Fudge-A-Mania (book 3)
- First edition
- Author: Judy Blume
- Language: English
- Series: Fudge series
- Genre: Children's novel
- Publisher: Dutton Children's Books
- Publication date: 1990
- Publication place: United States
- Media type: Print (paperback)
- Pages: 160 pp
- ISBN: 0-525-44672-9
- OCLC: 22115812
- LC Class: PZ7.B6265 Fu 1990
- Preceded by: Superfudge
- Followed by: Double Fudge

= Fudge-a-Mania =

1990 children's novel by Judy Blume

Fudge-a-Mania is a 1990 children's novel by Judy Blume and the fourth entry in the Fudge series.

==Plot==
Peter Hatcher is horrified to learn of his family's plans to spend summer in a vacation home alongside the Tubmans, the family of his archrival, Sheila, located in Southwest Harbor, Maine. On the other hand, his younger brother, Fudge, who is five years old, anticipates the vacation because of his plans to marry Sheila as a means of protection against the supposed "monsters" hiding beneath his bed, knowing that spouses often share one.

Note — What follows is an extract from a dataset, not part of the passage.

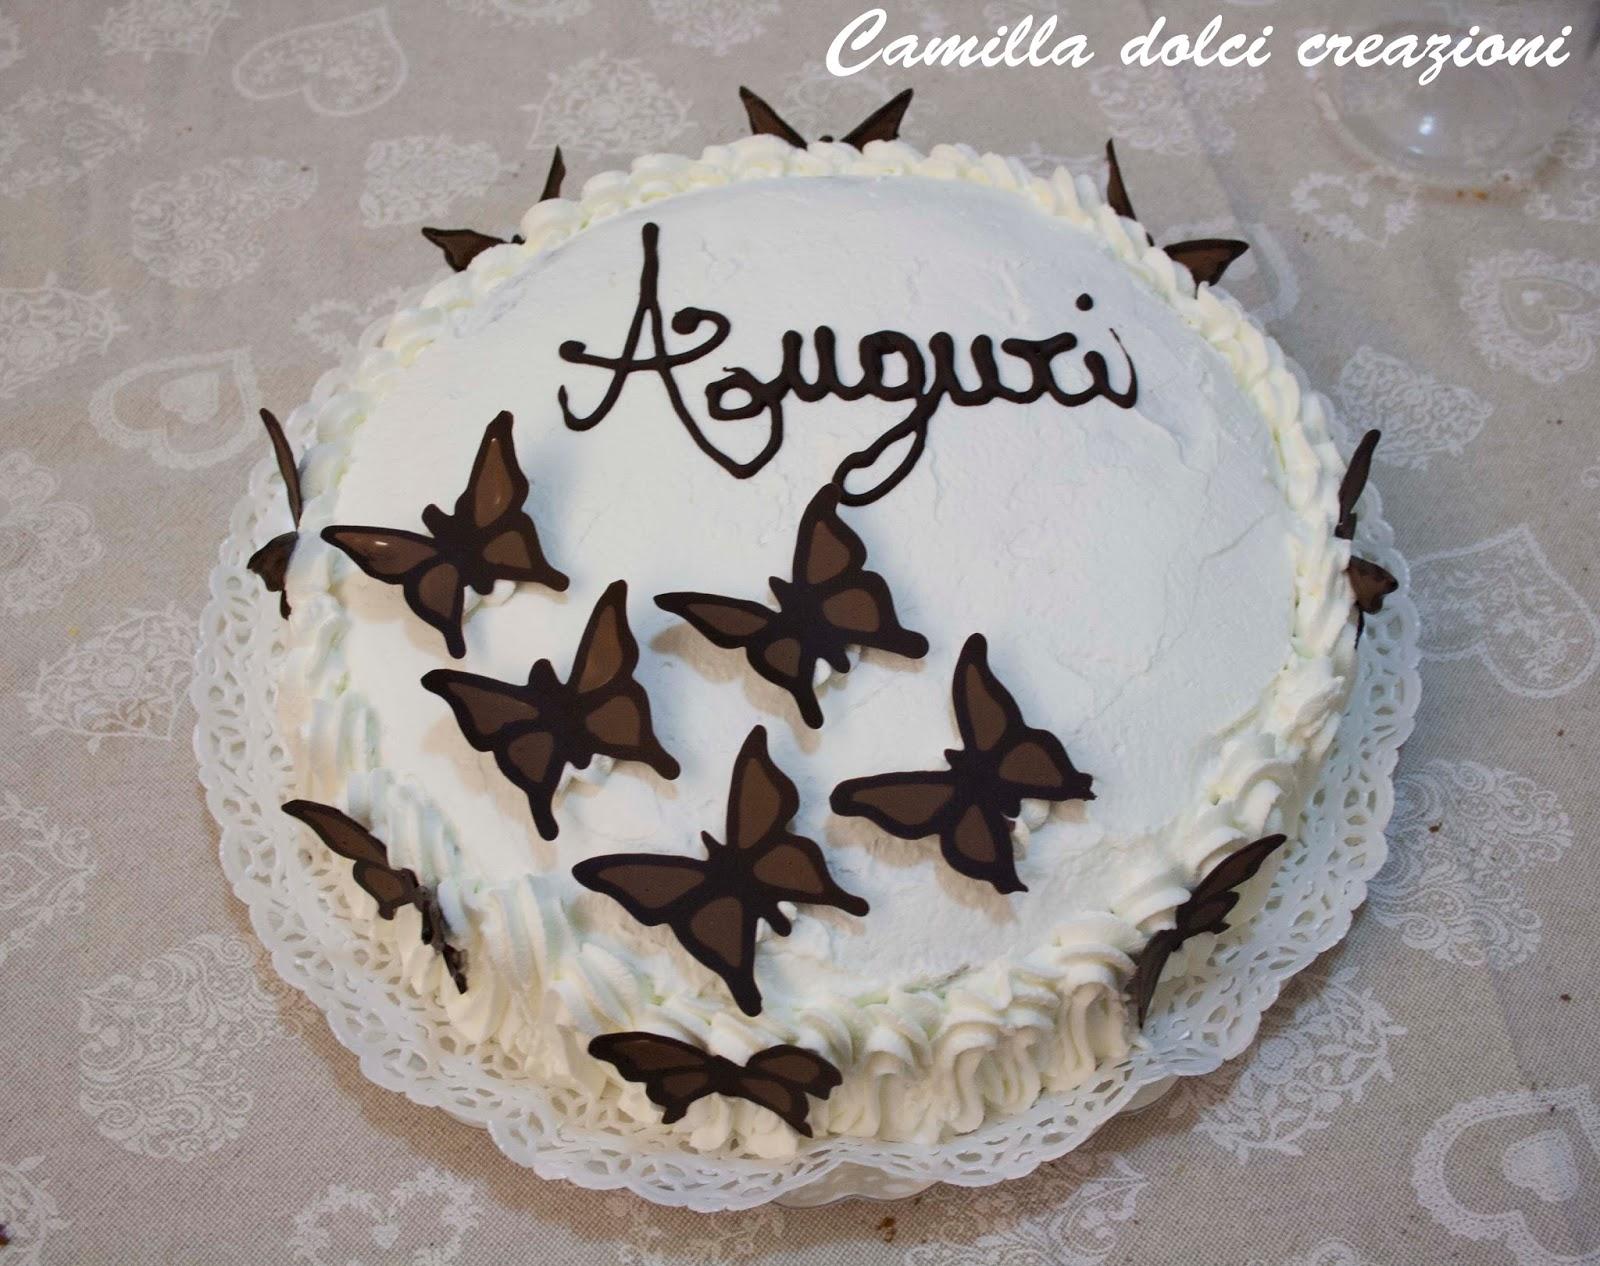 Conosciuto Camilla dolci creazioni: Torta di compleanno con farfalle AU52

This wish is dropped after a newfound friend named Mitzi Apfel provides Fudge with a bottle of her grandmother's "monster spray" during the vacation, but Peter is stunned to learn that she is the granddaughter of an idolized baseball player known as "Big Apfel".

Peter is allowed to invite his best friend, Jimmy Fargo, on the vacation with him, a privilege intended to compensate for having to spend it alongside Sheila; however, he becomes irritated when Jimmy starts to spend more time with her than with him out of sympathy for her own good friend's (Mouse Ellis, who was introduced in Otherwise Known as Sheila the Great) inability to join her on the vacation too, as she has the chicken pox.

Along the way, Peter develops a huge infatuation on a teenage librarian named Isobel (Izzy for short) and Fudge is inspired to write a picture book after learning about Mitzi's own, "Tell Me a Mitzi".

Jimmy's father, Frank, a celebrated painter, also receives inspiration after the Hatchers' baby daughter, Tootsie, toddles across a canvas with blue paint smeared on her feet, commencing a series of paintings appropriately entitled "Baby Feet".

Peter, Fudge, and Tootsie's widowed grandmother, Muriel, later marries Sheila's widowed grandfather, Buzzy Senior, much to Peter and Sheila's dismay, who thereafter pledged they would never stand each other, despite now being stepcousins.

==Reception==
In its review of the book, Kirkus Reviews wrote that "the story's a bit tame (no controversies here), but often amusingly true to life and with enough comic episodes to satisfy fans". Publishers Weekly called it a "fast-pitched, funny novel" and praised its "numerous diverting scenes".

==Television adaptation==
A television film based on the book premiered on ABC on January 7, 1995, in the United States, starring Jake Richardson, Florence Henderson, Eve Plumb, Shirley Knight, Alex Karras, Luke Tarsitano, and Darren McGavin. It was directed by Bob Clark. It also inspired a half-hour Saturday morning TV series, Fudge, which premiered on ABC the following Saturday morning and ran for two seasons.